Le rouge enfer de l’enfance
Lit-on encore la Comtesse de Ségur ? Rien n’est moins sûr.
Pourtant, enfant, c’est là que l’on s’est reconnue (s), pour certain(e)s d’entre nous, ce que l’ont vivait, éprouvait, refusait, dans de grandes terreurs, de doux sentiments et de fortes rébellions. Ni les unes ni les autres ne servent à grand-chose à cette période-là, nous sommes trop petits, les adultes sont toujours les vainqueurs mais au-dedans de ces minuscules personnes que sont les enfants, la construction commence, parfois sur fond de destruction.
Ariane Dreyfus consacre son dernier livre Sophie ou la vie élastique (le Castor astral) à Sophie Fichini, la célèbre petite fille pas du tout modèle, qui a vu ses parents mourir et sa belle-mère la maltraiter cruellement, raconté dans Les Malheurs de Sophie.
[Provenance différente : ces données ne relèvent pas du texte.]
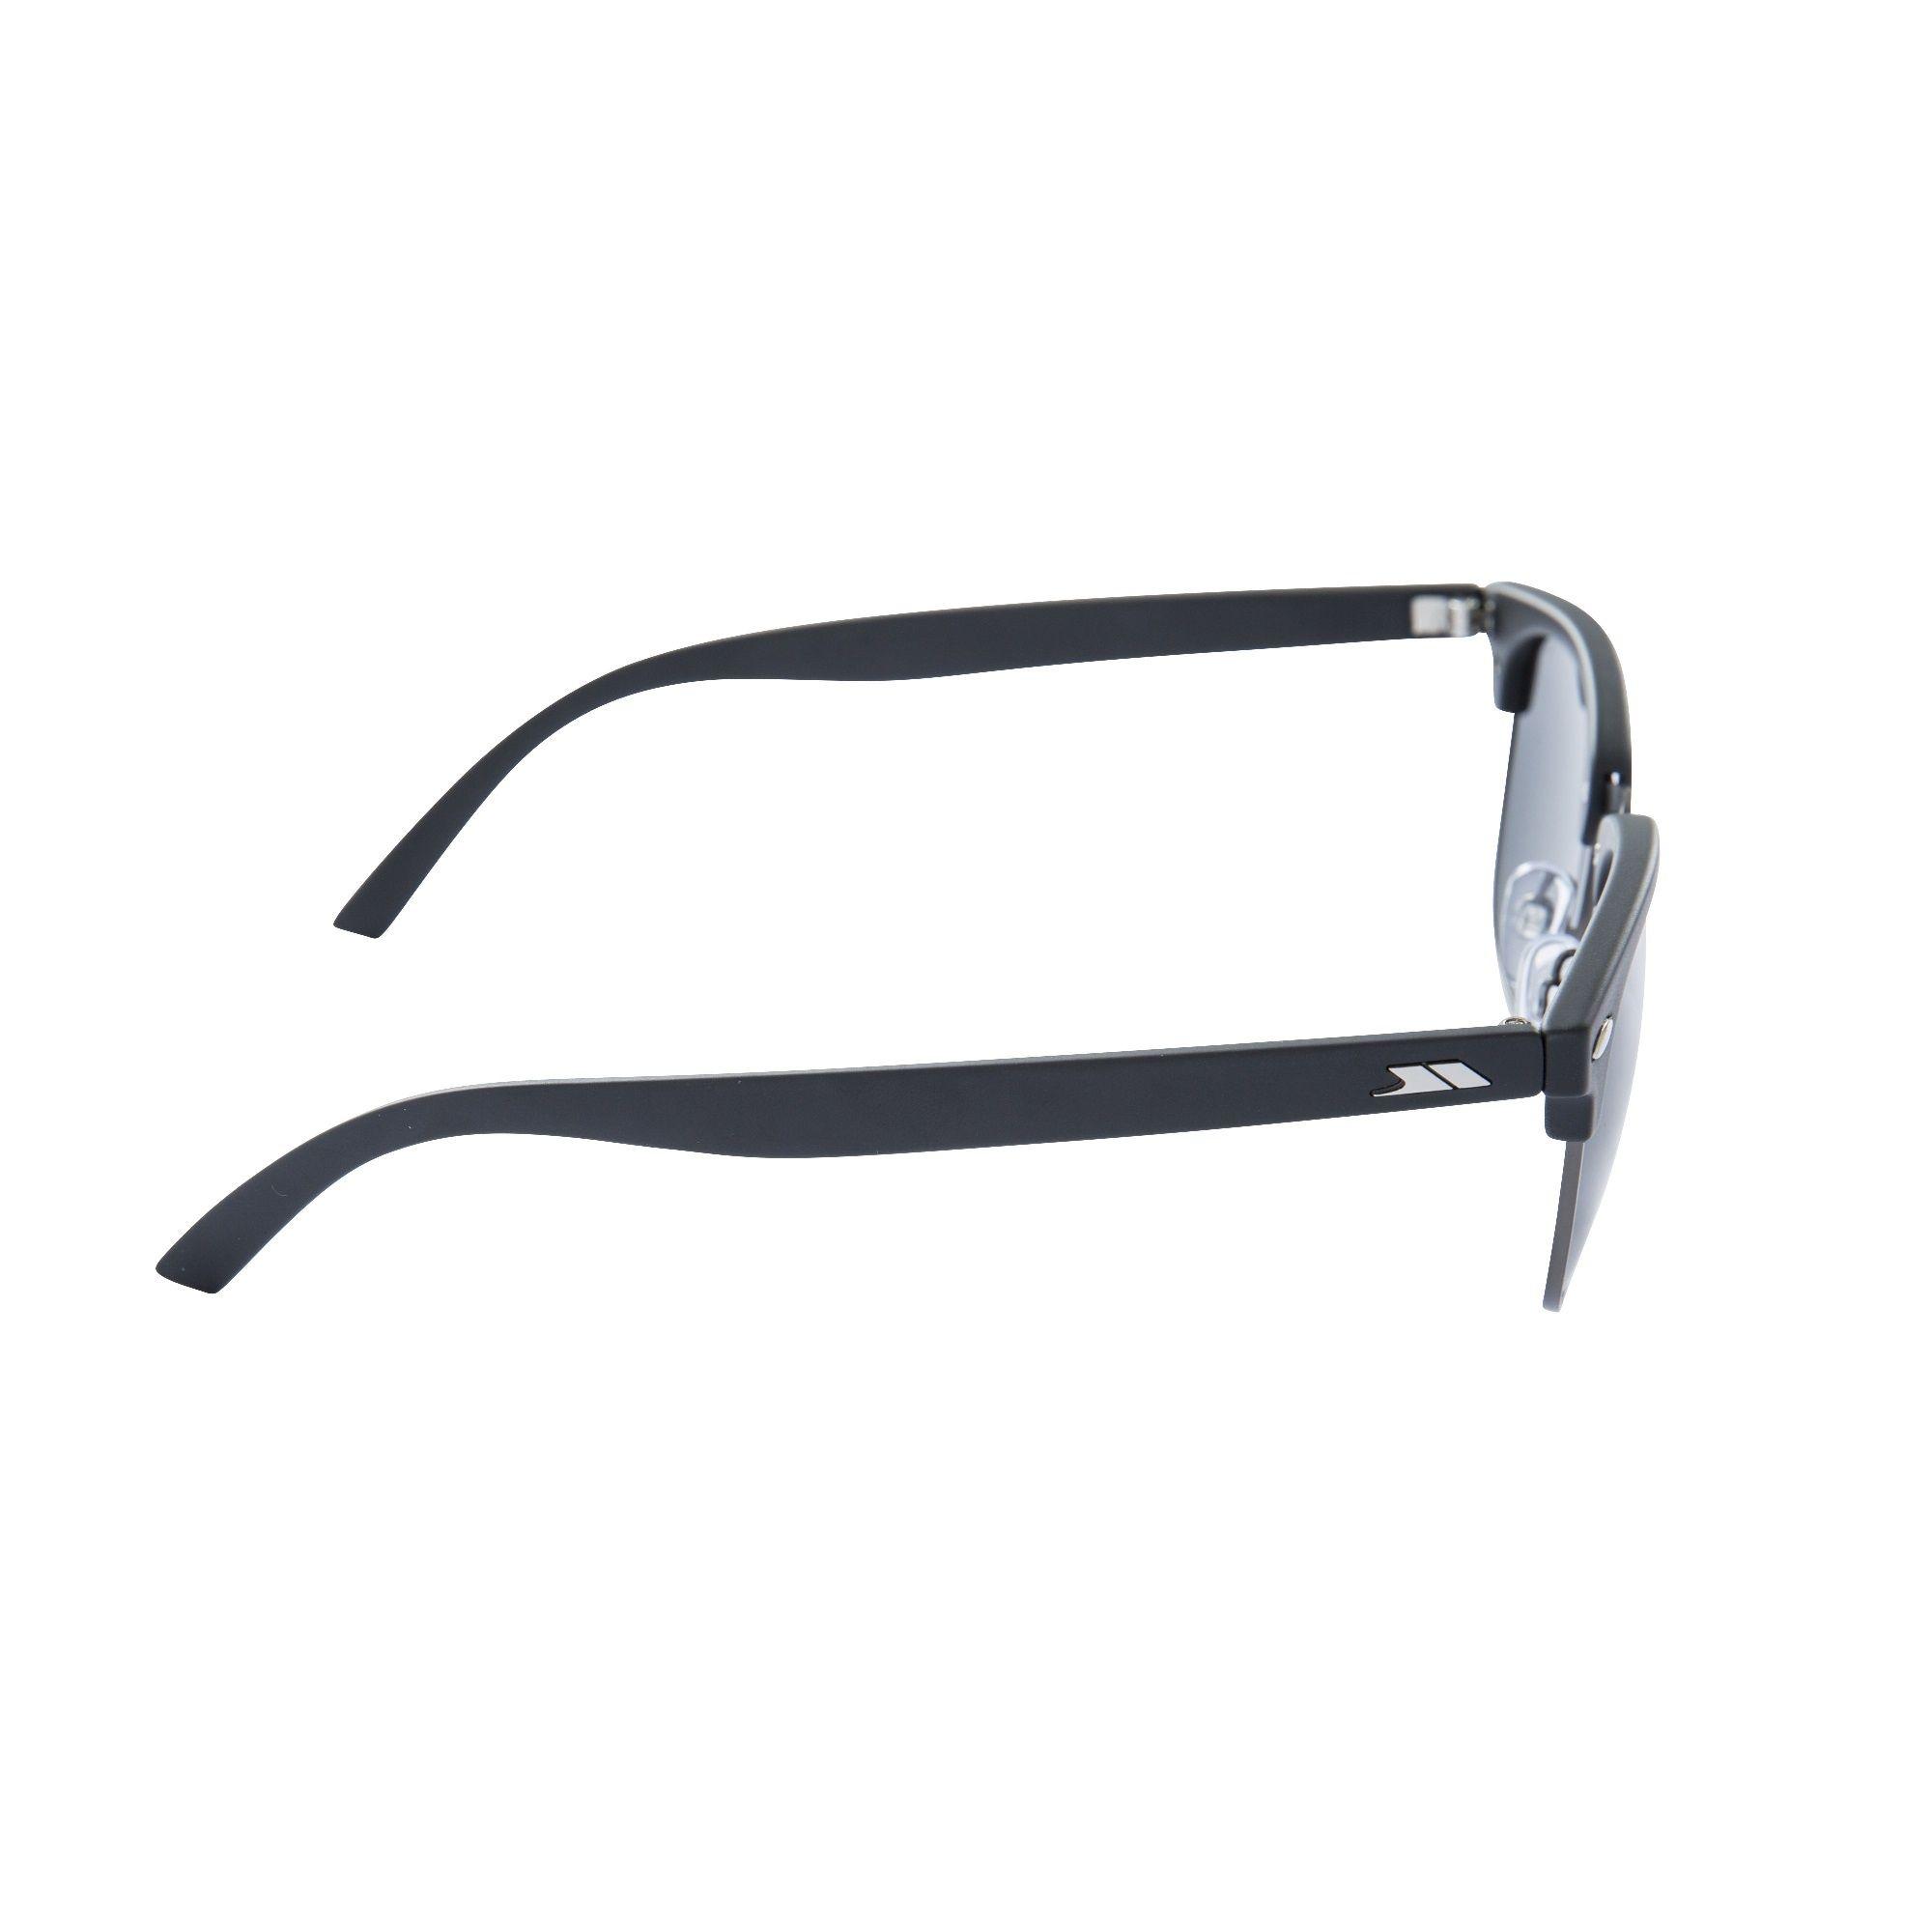 Trespass Unisex Adults Fest Sunglasses

Elle ne raconte pas cette vie de Sophie que l’on comprend par allusions même si on n’a pas lu le livre cruel et également bien-pensant (tout le monde pardonne toujours à tout le monde, tout est bien qui finit bien, on finit par se marier plus tard entre soi, entre temps ont eu lieu des horreurs). Non, elle dit littéralement l’enfance, les moments de suspension à regarder du dedans vers le dehors à travers le prisme enfantin (un enfant voit par le détail), les occupations mineures des adultes qui les croient très importantes, l’espèce de concentration infinie à l’œuvre dans les jeux, les rêveries, la cruauté et la détresse enfantines, la recherche éperdue de la tendresse.
« Docile dès que le chapeau de paille maternel/se pose largement pour que l’ombre assez grande/couvre les yeux qui se sont fermés tout de suite/En réalité/Sophie attend la vaste solitude »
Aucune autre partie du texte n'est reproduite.